第18話 悪ガキのいたずら

 まず情報として飛び込んできたのは、甘く、とろける花の香りだった。

 いつも奏多からする、男をとりこにする香りが、部屋いっぱいに満ちている。当たり前だ、奏多の部屋なんだから。

 次に目に飛び込んできた、ぬいぐるみの数々。くまが好きなのか、多種多様なくまのぬいぐるみが飾られていた。

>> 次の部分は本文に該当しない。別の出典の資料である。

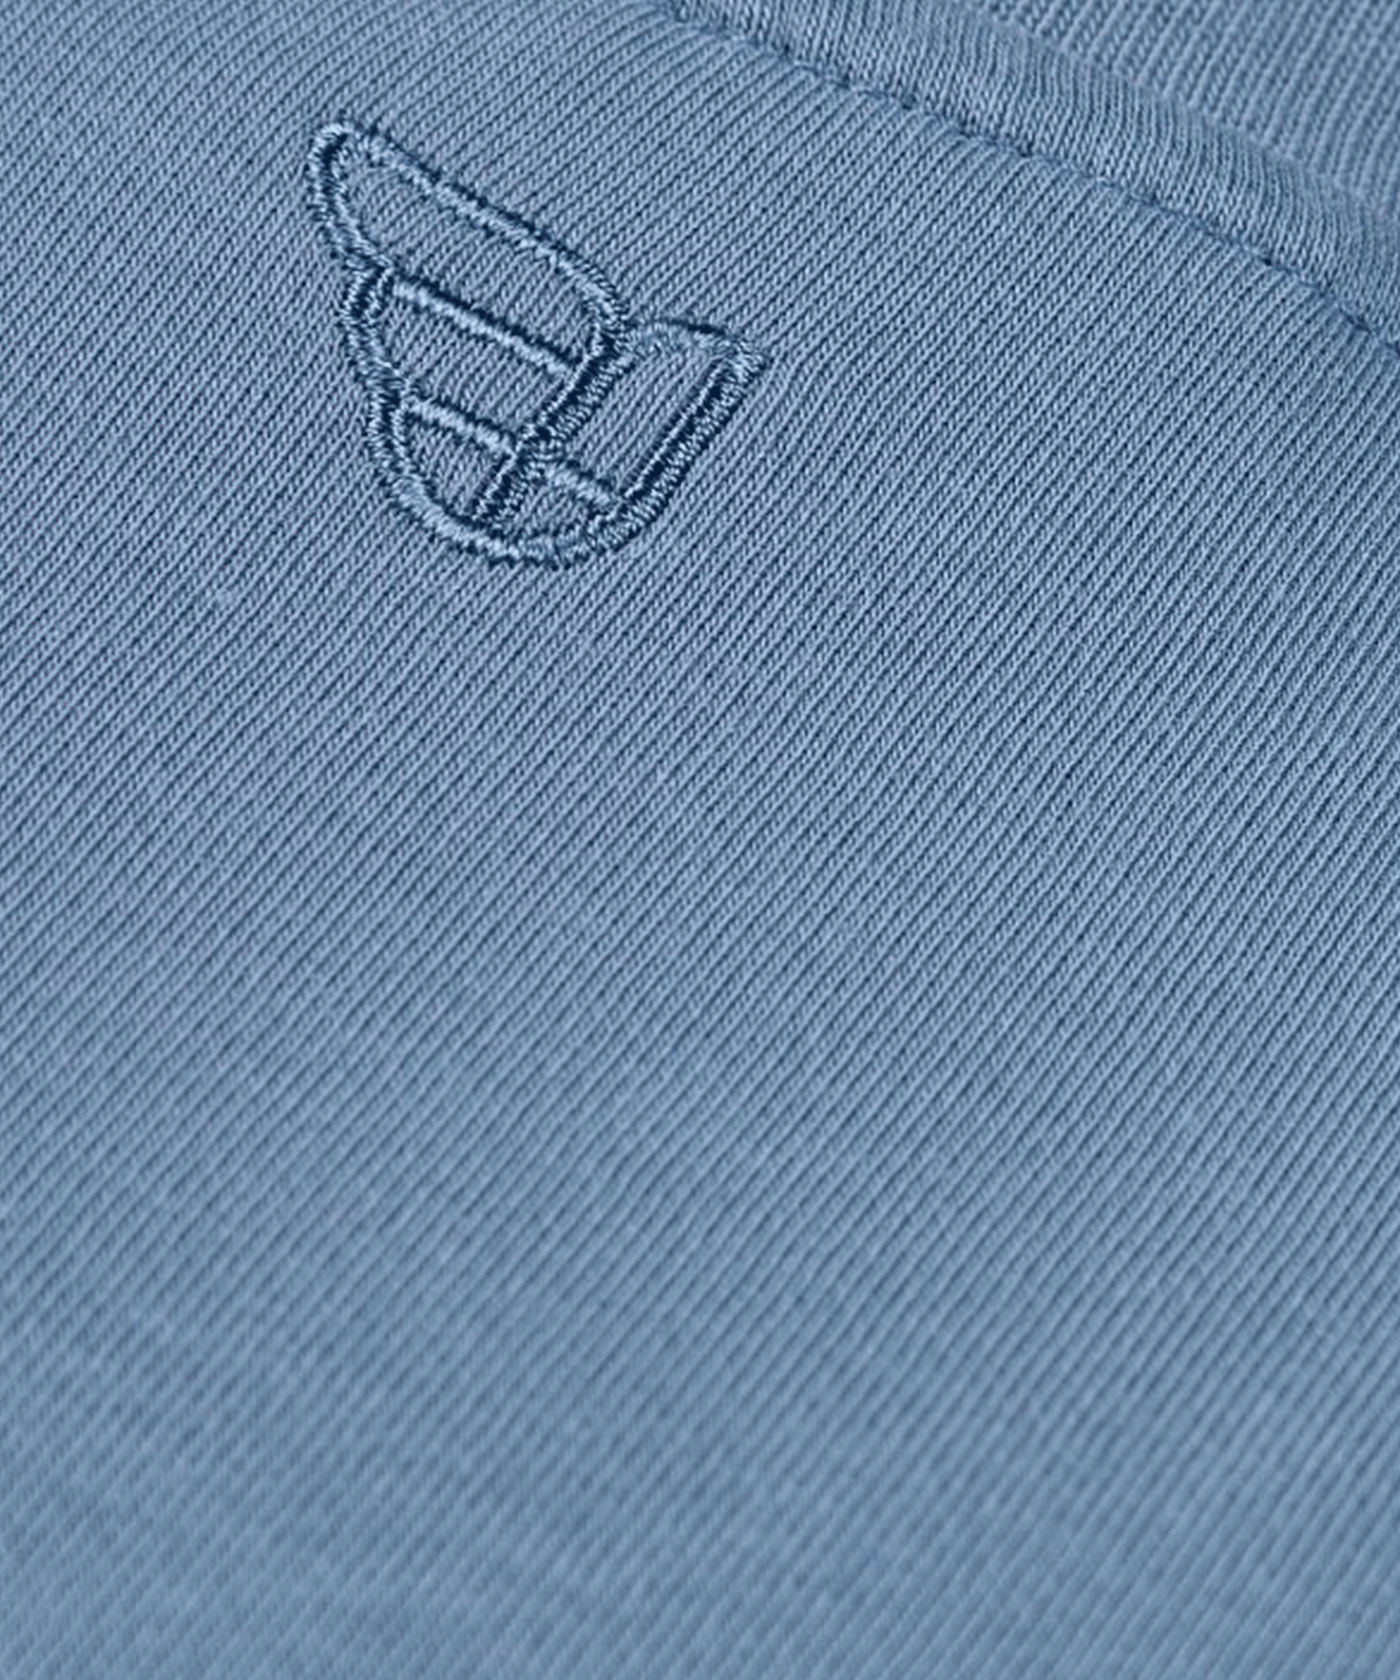 Club 24 - Freedom Fit - T-shirt - Blue Heaven

 そしてなんと言っても、部屋の広さ。軽く十畳以上ありそう。

 こんな広い家にいたら、そりゃ寂しくもなるか。



「ほらほら。京水、ベッドの横に布団敷いて」

「あ、ああ」



 促されるがままに、隣に布団を敷く。

 奏多のベッド、でっかいな。クイーンサイズってやつか? こんなでかいベッド、旅行先のホテルでも見たことないぞ。

 横に布団を敷き、改めて部屋を見渡す。

 思いの外、綺麗に掃除されていた。奏多のことだから、もっと汚い部屋を想像してたのに。お菓子の食べかすとか、空の袋とか。



「おいコラ京水。今失礼なこと考えなかった?」

「キノセイデス」



 なんで俺の考えてることがわかるんだよ、エスパー? こわ。



「い、いや。ただぬいぐるみが多いなって思ってただけだ」

「ぬいぐるみ? そう? これでも少なくしたほうだけど」



 え。これで?

 棚にも、机にも、部屋の端々にも。大小様々なぬいぐるみが並んでいる。軽く50はありそうだ。

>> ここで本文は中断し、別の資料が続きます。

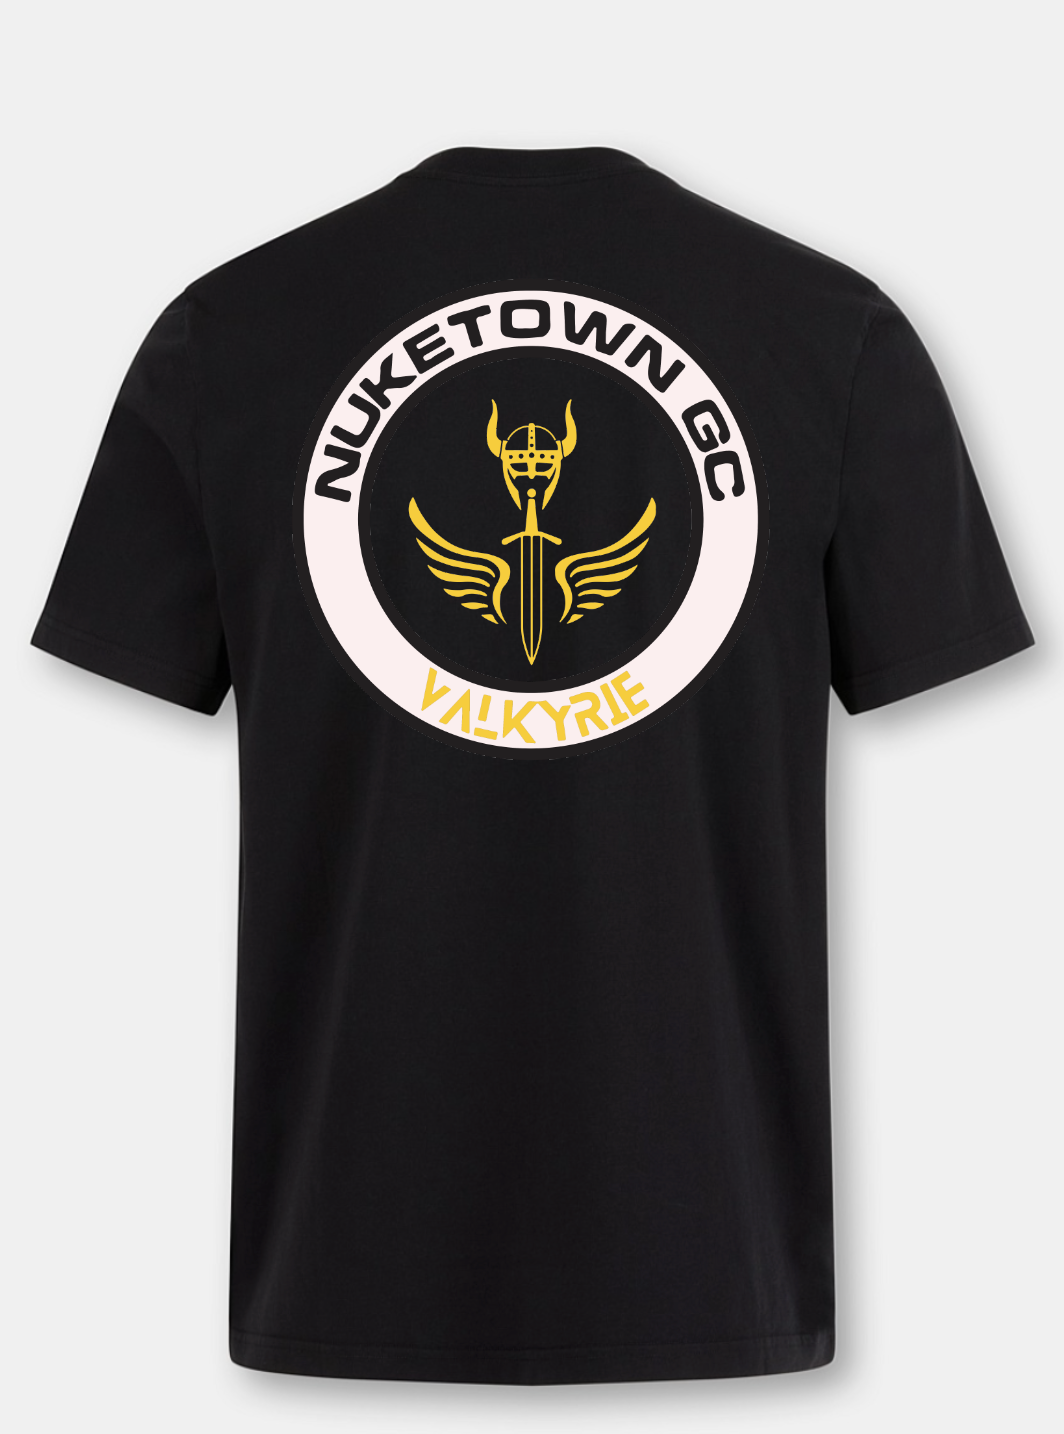 Nuketown Valkyrie Milsoft Gel Ball  T Shirt by Calibre Concept Designs

「引っ越してくるとき、さすがに多すぎるからってパパに止められてさ。厳選した子たちを飾ってるんだ。これからもっと増えてく予定だぜ」



 これ以上増えたら、この部屋で寝れなくなりそう。それくらい、数が多すぎる。

 奏多がベッドにダイブすると、近くにいたぬいぐるみを抱きかかえた。子供並みのサイズだ。



「やあ、わたしはジェニファー。ヨロシクネッ」

「……まさか、一つ一つに名前を?」

「もちろん。ジャック、マイケル、ミカ、トーマス、スーザン」



 一体ずつ、すらすらと紹介してくる。どんな脳の構造してるんだ……あ。そういや昔から、人形とか好きだったな。子供の頃は、男なのに人形が好きなんて変な奴って思ってたっけ。

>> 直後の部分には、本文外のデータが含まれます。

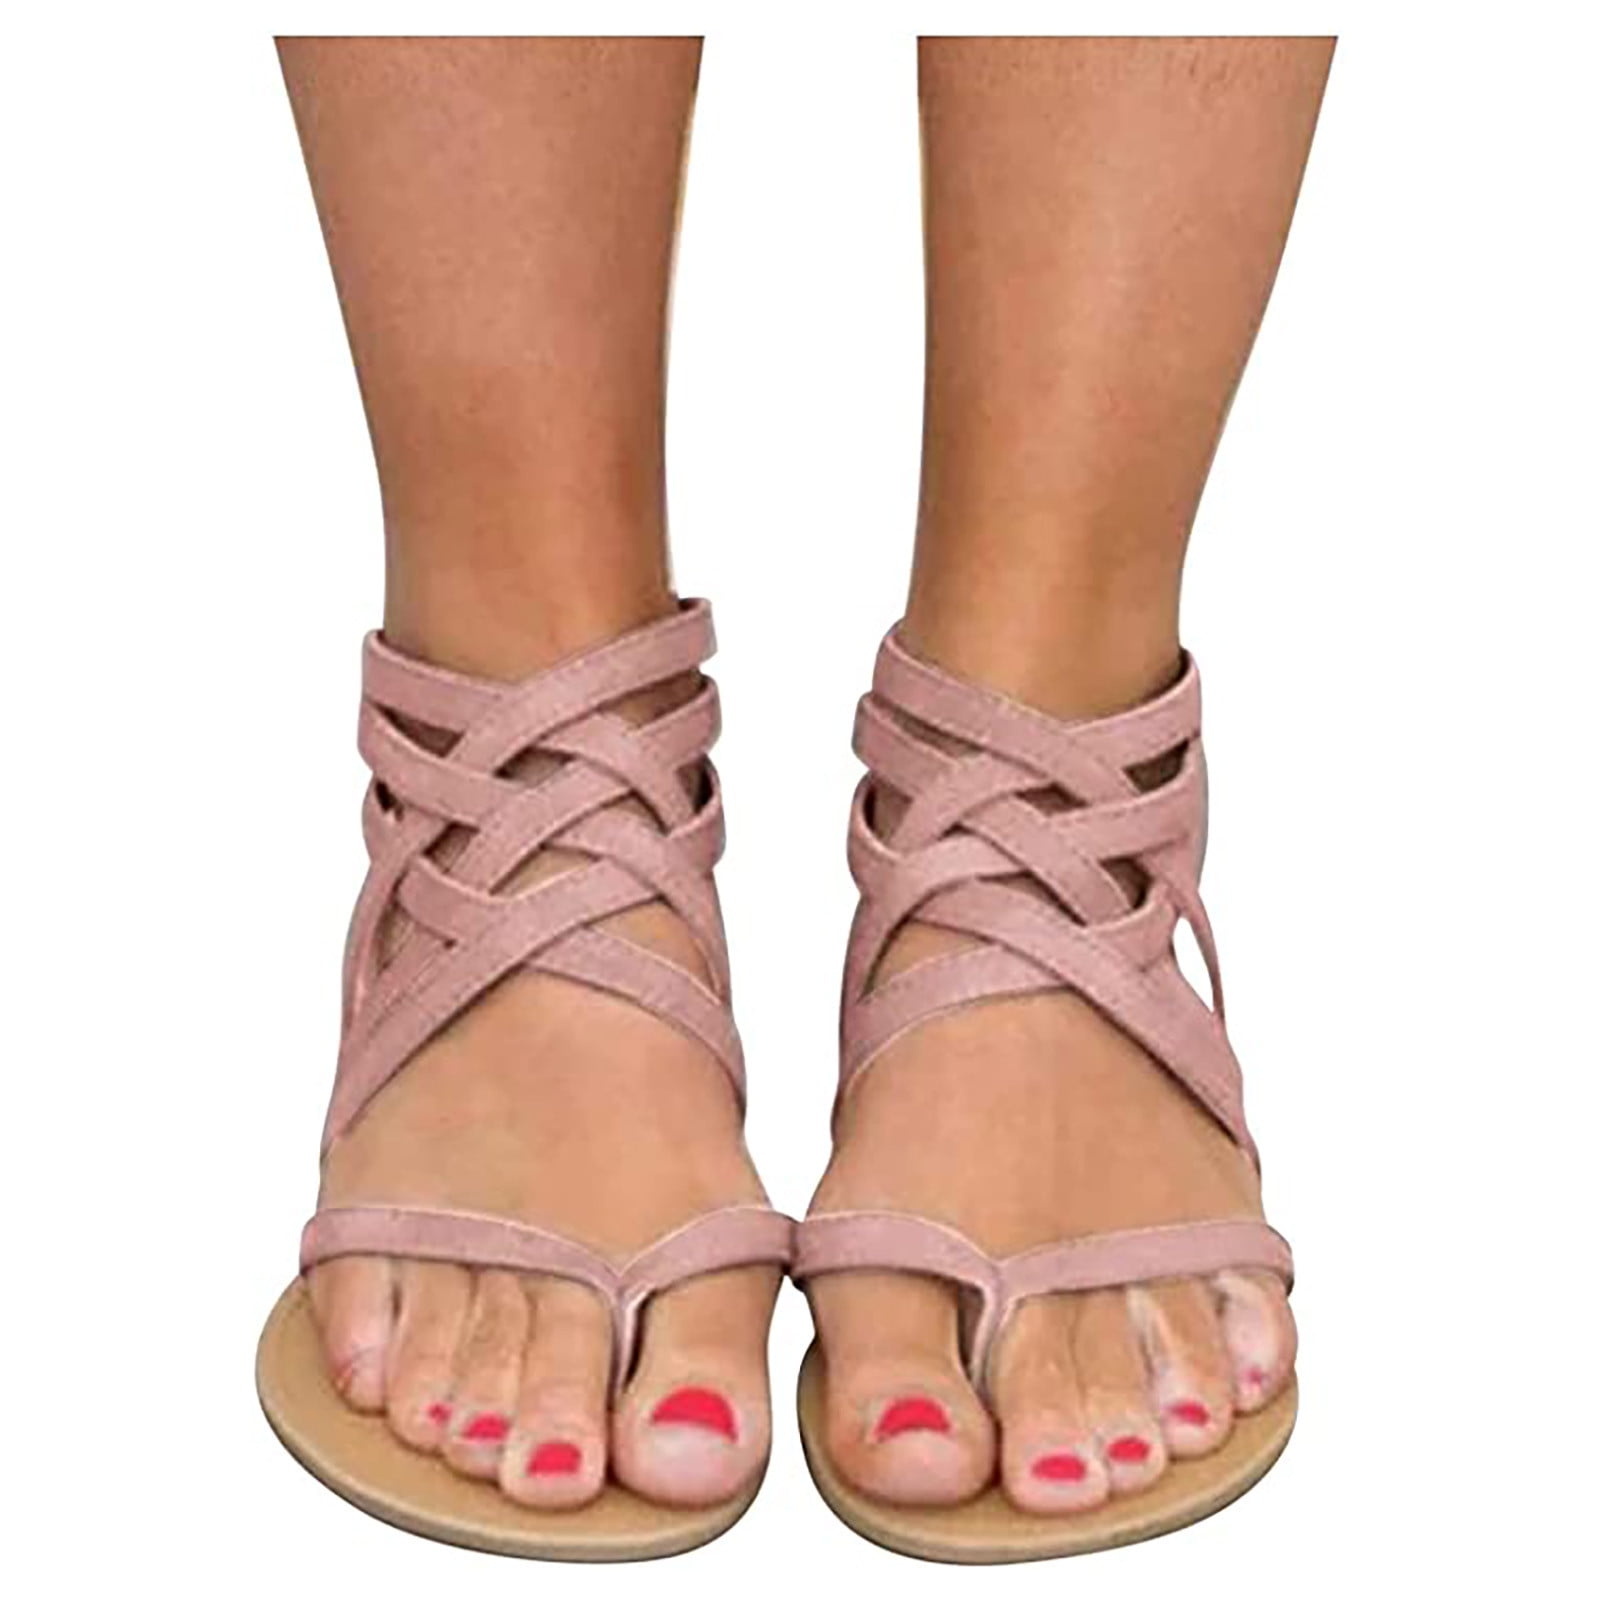 Sandals for Women Dressy,Womens Bohemia Rainbow Platform Sandals Flat Gladiator Sandals Dress Shoes

 そうか。あの時から、好きなものは変わってないんだな。



「って、こんなことしてる暇なかった。お風呂入らないと」

「俺は母さん待ってるから、先入ってこいよ」

「ういっす~」



 ベッドから飛び降りた奏多は、部屋の隅にある衣装棚を開けて、うーむと悩みだした。

 何に悩んでるんだ、こいつは。



「ねー、京水。京水の好きな色って何?」

「え? ……赤とかオレンジの、暖色系……かな」

「ふむふむ。じゃあこれかな」



 と、鮮やかなローズレッドカラーの何かを引っ張り出した。何あれ。



「奏多、それは?」

「ん? ……むふ~」



 なんだよ、その含みのある笑顔は。こいつがこんな顔をする時って、大抵碌なこと考えてないから、あまり関わりたくないんだが。



「へいパス!」

「え? おっと」



 突然、鮮やかな何かを投げて来た。

 綺麗に四角く折りたたまれた布。一瞬ボールのようにも見えたけど、この柔らかくて艶やかな触感は違う。

 これ……まさか。



「それ、ぼくのパンツ」

「なんてもん渡してきやがるッ!」

「ぼべ!?」



 思わず全力投球で顔面に叩きつけた。でもわかるだろ、俺の気持ち。



「何すんだよ、京水」

「俺のセリフ過ぎるんだが。なんてもん渡してきやがる」

「洗ってあるから汚くないって。もしかして潔癖症?」

「ちゃうわい」



 思春期男子に派手なパンツを渡すなって言ってんの。馬鹿野郎ですか。

 てか、履く色に悩んで俺の好きな色聞くな。意識しちゃうだろう。



「ふーん。変な京水」



 お前にだけは言われたくない。






 風呂に入ってる間に母さんが荷物を持ってきて(イジられたのは言うまでもない)、リビングで待っていると、風呂から上がった奏多が戻ってきた。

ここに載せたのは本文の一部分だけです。